Папа: Прихожу на работу, а там эта красотка кофе продает!

Мама: А ты даже кофе тогда не пил!

Папа: Начал пить тем летом, чтобы был повод поболтать (описывает рукой в воздухе дугу) с Джиа.

Мама: Он похудел за лето килограммов на пять.

Папа: Что?

Мама: К концу лета, когда мы стали встречаться, ты накачал пресс.

Папа: Кофе и сигареты. То есть, я хотел сказать, диета и спорт. Никогда-никогда не начинай курить, Сэмми.

Сэмми: Пап, запоздали твои советы о здоровом образе жизни.

Мама: Все равно…

Папа: Итак, мы с мамой переезжаем в Нью-Йорк. Знаешь, кем я мечтал стать? Ни за что не угадаешь, Сэмми.

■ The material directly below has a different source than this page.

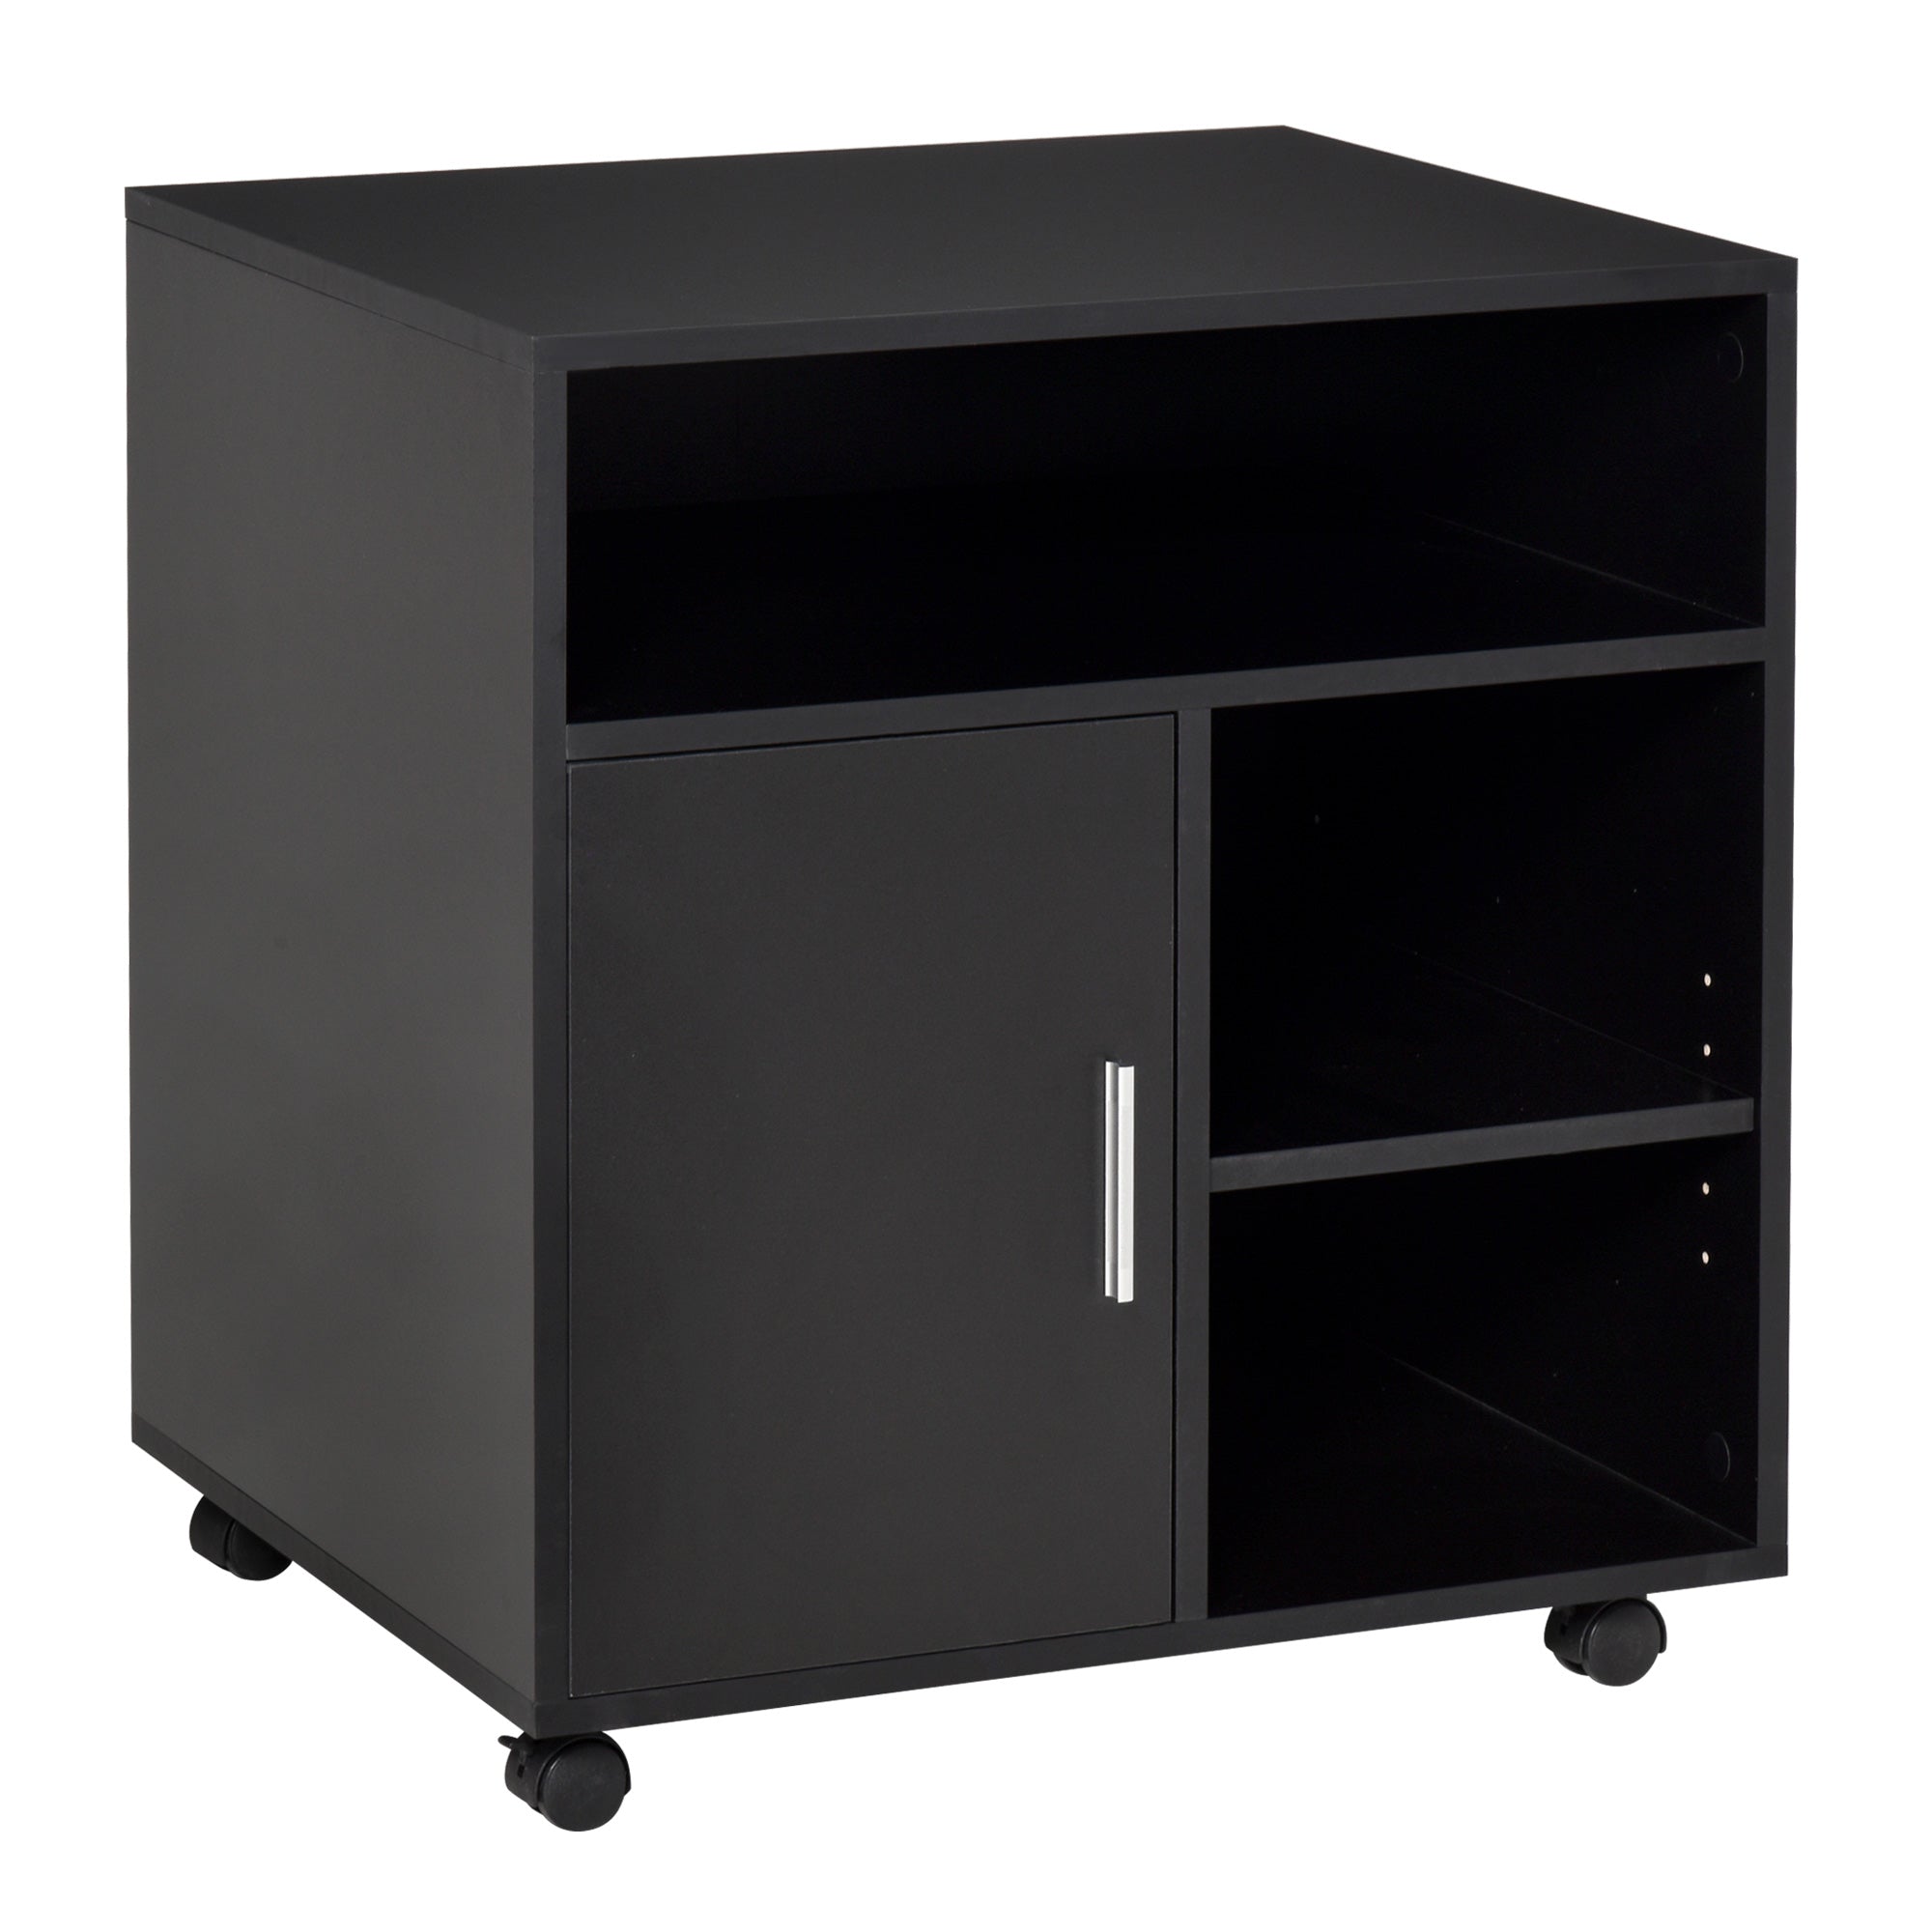 Multi-Storage Printer Stand Unit Office Desk Side Mobile Storage w/ Wheels Modern Style 60L x 50W x 65.5H cm - Black-0

Мама: Мне и вправду интересно, угадает Сэмми или нет. Уж точно не коммунальщиком.

Сэмми: Клоуном?

Мама: Что? Брр!

Сэмми: Ну, говорите!

Папа: Я мечтал (проводит по струнам невидимой гитары) играть панк-рок. Даже в Бруклине жил, еще в те времена, когда там было дешево и сердито.

Мама: И я вскоре к нему переехала, но жизнь там суровая, и мы вечно мотались с квартиры на квартиру, да и в одном районе подолгу не задерживались – то одно, то другое, – и все друзья наши тоже кочевали, и мы толком нигде не работали, да и не очень хотелось.

Сэмми: Зато вам, наверное, весело жилось в Нью-Йорке.

Мама: М-м-м-м… Тоска одолевала. А когда тосковали, то не могли друг без друга обходиться.

Папа: А потом кошка сбежала.

Мама: Наша буферная кошка.

Сэмми: Что?

Мама: Мы подобрали маленькую ласковую кошечку, давали ей молоко, а если один из нас злился на другого, то находили ее и вручали друг другу в знак примирения.

Папа: Кошка-то была противная, дикая. Если уж говорить правду.

Мама: Но каждый раз нас успокаивала. Это было так мило!

Папа: И долгое время у нас не было никого на свете, кроме этой буферной кошки. Дружить было не с кем, мы так и не нашли «своих». И в итоге возненавидели всю тамошнюю жизнь, потому что сами себе опротивели.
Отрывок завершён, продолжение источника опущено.